Girl: I have a boyfriend. Guy: I have a goldfish. Girl: What? Guy: I thought we were talking about things that didn't matter. ---------------------------------------------------
Guy: Do you have any raisins? No? How bout a date? -------------------------------------------
Guy: Let's do breakfast tomorrow. Shall I call you or nudge you?
It says pick up line Ernie, not potential-**** line. But that's a good one.
The difference is, my pickup lines work every time. Just because I have different methods doesn't mean I don't have the same intentions as everyone else here.

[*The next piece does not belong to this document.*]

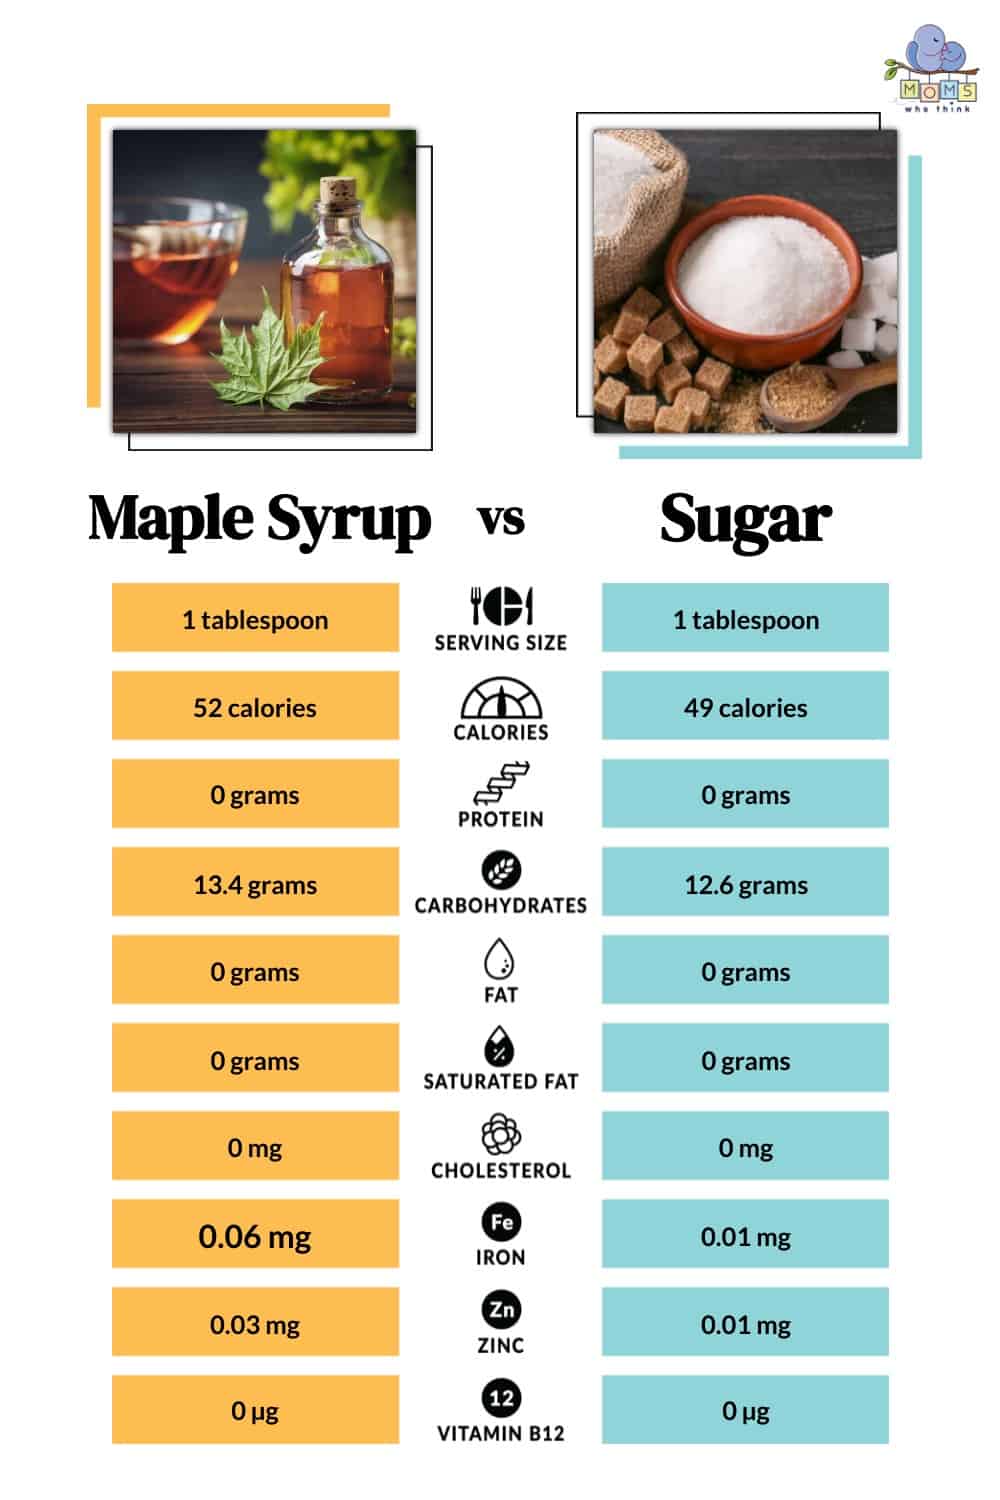 Maple Syrup vs Sugar Nutritional Facts

Massive LOL. I love threads like this. Good going guys. Try this one: Your eyes are like a blue lagoon inviting me to take a swim. ~ A black hole is nothing compared to your attraction.
*singing*Hey I just met you And this is crazy I've got a gun *stop singing* now get the f*** in the van. ------ Works like a charm. ----- "Girl do you have a soccer team in your butt cauz your booty is kickin!" I know I stole it from a YouTube video, calm down. ----- "I lost my teddy bear, can I sleep with you instead?" ----- "what has 180 teeth and holds back the incredible hulk? My zipper"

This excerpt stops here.